「異文化コミュニケーションへの挑戦」
私自身のことになるが、35年ほど前にハワイの大学に留学した経験がある。
当時のハワイには日本人留学生も少なく、日本からの学生は珍しい時代であった。1ドルが250円の時代でもあり、当時、学生の私には米国の日常品が高く思われ、経済的にも自由に物が買えない学生生活であったことを記憶している。
今や時代は変わり、外国為替も1ドル100円台で推移する時代となり、日本の誰もが経済的に自由に世界を移動できる時代となった。
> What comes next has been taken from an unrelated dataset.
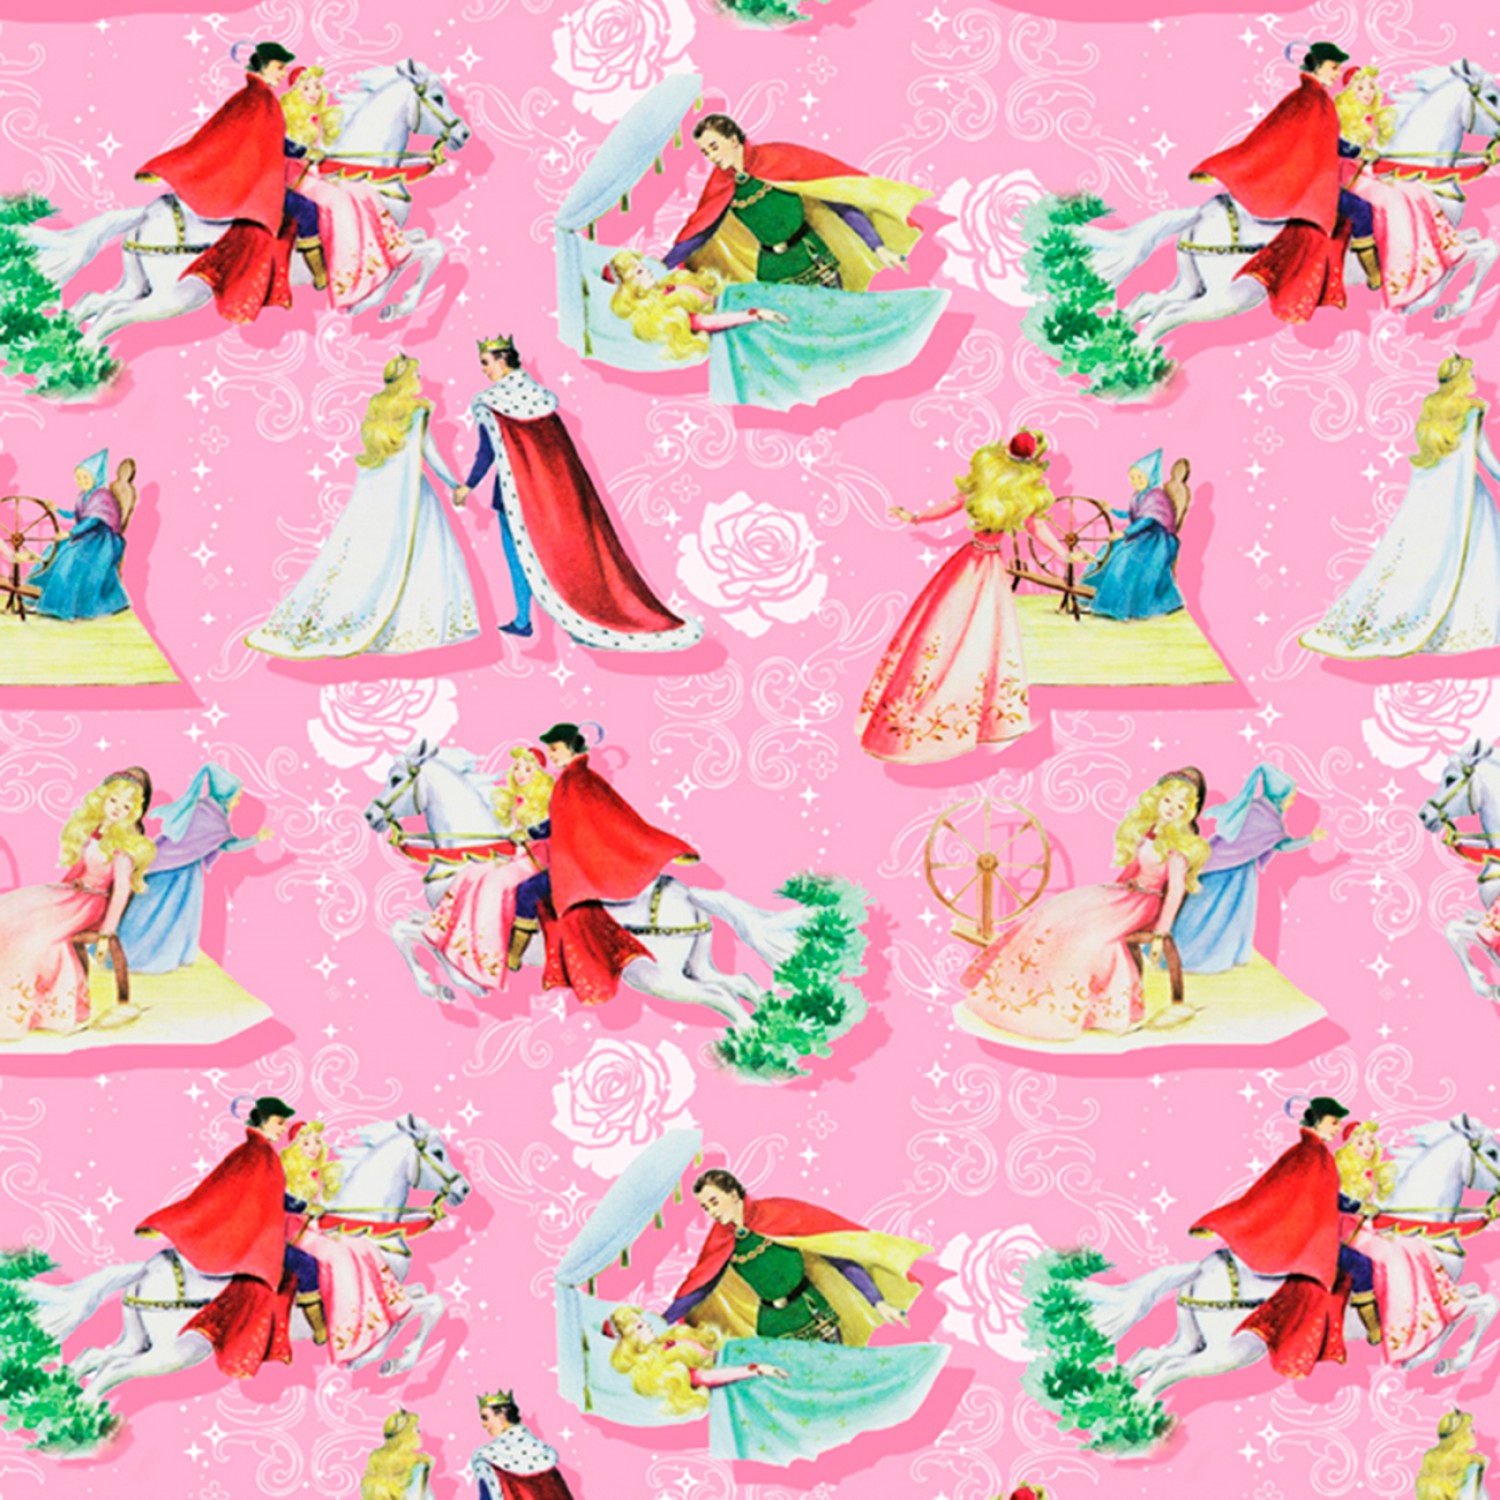 Vintage Storybook Sleeping Beauty Happily Ever After Fabric

その一方で、海外挑戦組の日本人留学生数が年々減少している。世界がグローバル化に向かう時代に、日本には不慣れな外国へ行って言語や生活面においての苦労はしたくないといった学生たちが増え始めている。インタ-ネットという発明のお蔭で加速的に我々の生活環境も一変し、今や世界中の人々が国境や人種そして言語の壁を超えて共に歩む時代となった。
商業施設が乱立し、物が溢れる便利な国日本は、学生たちにとって不自由なく暮らすことができる場所である。が、私は彼らに冒険心をもって世界の人たちと触れ合い、人間的に成長してほしいと感じている。
ハワイは、多民族から構成された異文化交流のできる教育的条件を備えた土地である。日本の学生たちが勇気を持って、異文化体験に挑戦し積極的に国際人への道を歩んでほしいと願うものである。